• [ACTIVITY]
Write out the lines below exactly, beginning at the one with "Мужские наручные часы" and stopping after the one with "cabra, ovelha, cordeiro, conjunto"; the pictures are not copied.

• [DATA SECTION]
*** Block opens ***

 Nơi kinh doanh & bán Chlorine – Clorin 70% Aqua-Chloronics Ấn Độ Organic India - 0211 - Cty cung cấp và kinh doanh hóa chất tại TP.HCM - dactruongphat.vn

*** Block closes ***
*** Block opens ***

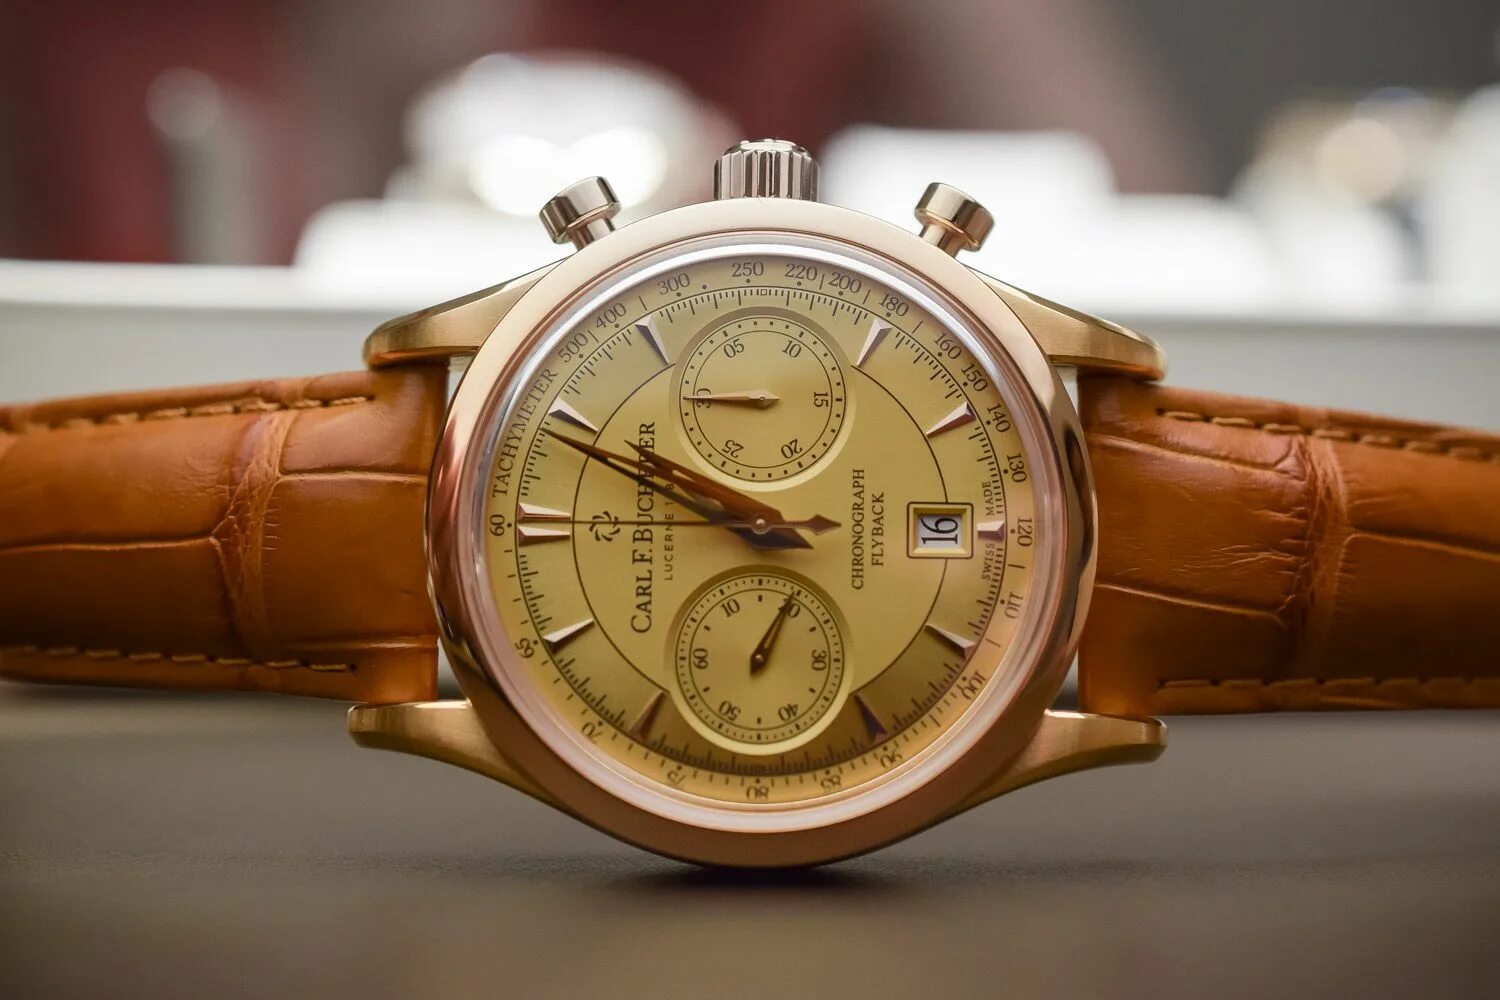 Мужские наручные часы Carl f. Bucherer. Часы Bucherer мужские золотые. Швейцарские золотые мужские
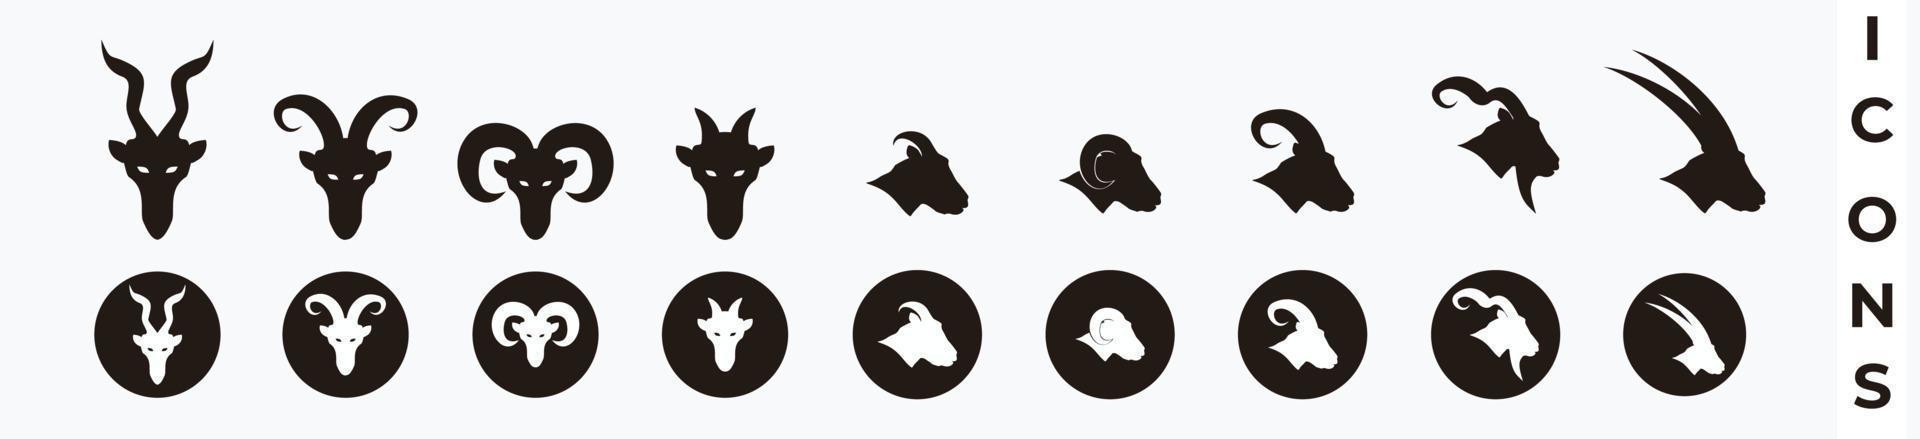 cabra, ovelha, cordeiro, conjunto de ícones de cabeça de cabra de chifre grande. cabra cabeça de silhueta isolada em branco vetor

*** Block closes ***

• [RESULT OF THE EXERCISE]
 Мужские наручные часы Carl f. Bucherer. Часы Bucherer мужские золотые. Швейцарские золотые мужские
 cabra, ovelha, cordeiro, conjunto de ícones de cabeça de cabra de chifre grande. cabra cabeça de silhueta isolada em branco vetor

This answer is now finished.